That was the outspoken and smartly opinionated Alec Baldwin on co-star and friend Julianne Moore, the latest Best Actress Academy Award winner for her award-winning role in Still Alice which was featured in the November 2014 issue of MORE magazine.
Here’s some moore:
On how her kids influenced her signing on for Mockingjay: “For a child moving into adolescence, the big question is, Do I have free will? Can I determine my own future?” she says. “[At that age] you’re still with your parents. But you’re asking yourself, Who am I?” Most of the films I make are not for kids. My son was in line for the midnight show when The Hunger Games first came out. They both loved the books. For them, my being in Mockingjay was fairly meaningful.”
Alec Baldwin on why Moore is “Unstoppable”:
“A lot of people work when they’re young and then their lives evolve. Some of them drop off or only work now and then. Then there are women like Julie: They get married, have a family and do remarkable work year after year. It’s hard for men to do that, but it’s even harder for women. She’s unstoppable that way.”
Moore’s take on her five most memorable on-screen characters:
AMBER WAVES, Boogie Nights (1997). “She has a lot of sexual power, but she’s powerless economically, so ultimately she doesn’t have a lot of choice.”
MAUDE LEBOWSKI, The Big Lebowski (1998). “Her power comes from her social hierarchy: She’s wealthy and a member of the 1 percent.”
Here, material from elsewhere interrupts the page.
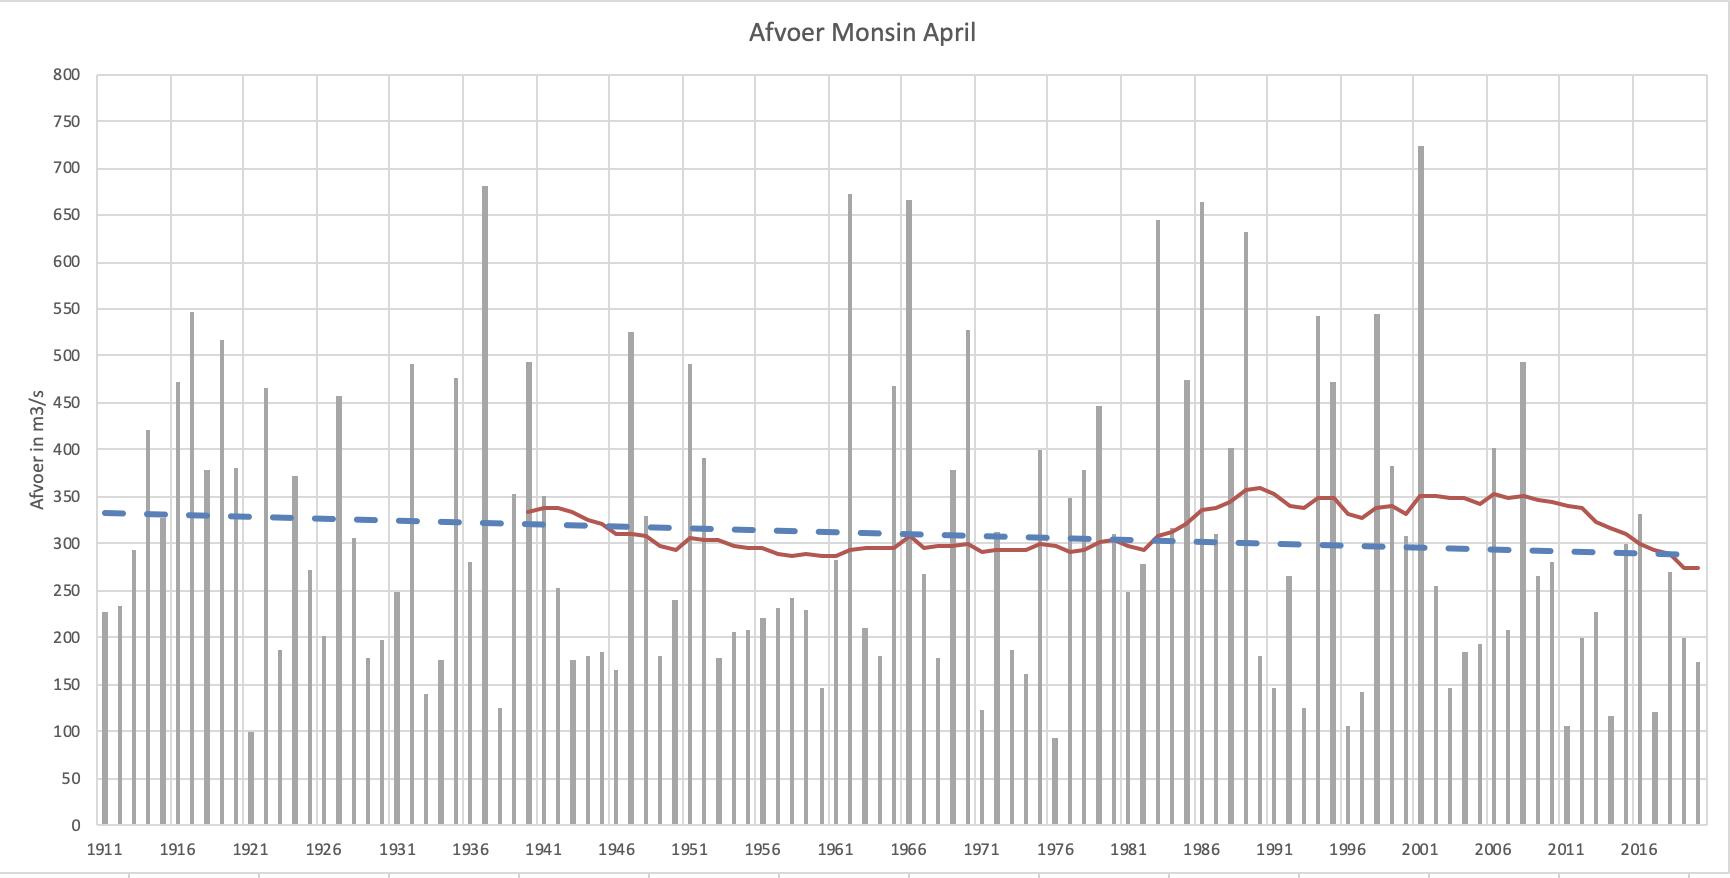 Maasavoer in april bij Monsin met trendlijn en 30-jarig gemiddelde

JULES, The Kids Are All Right (2010). “She has a lot of authority within her family, but now that her kids are growing up, she feels like she’s losing her position.”
SARAH PALIN, Game Change (2012). “She came into the election with the kind of charisma that people don’t often see in politics. But ultimately she was at the behest of the Republican Party.”
ALMA COIN, The Hunger Games: Mockingjay (2014). “She is about political power— how you wield it and what you are trying to gain.”
On Phillip Seymour Hoffman: When asked about her old friend—Moore worked with Hoffman on three other films, Magnolia, Boogie Nights and The Big Lebowski—her face becomes flushed with emotion. “What is there to say? It was a terrible, ridiculous, untimely loss. It’s difficult,” she says, her voice tightening, “because I’m not sure how his family wants to deal with all this. It’s not my place. But I can talk about him as a colleague: He was an extraordinary talent and a lovely human being.”
How being older has changed her views on Hollywood and the choices she makes: “I used to think, Life’s really challenging. Things are tough, so they should be tough in a book, in a movie. They should be sad,” she says. “But the older I get, the more I like happy endings.”
“When you’re starting out in this business, you feel like you’re not in charge, that you’re still looking to the world for a kind of validation. But as you get older, you realize that direction comes from yourself, from your own desires and responsibilities. You choose your work. You choose your life. That’s where your power comes from—and that’s a great feeling.”
What Julianne would do more of if she could start over: “Skiing. I’m terrified of skiing and I can’t get over the hump.”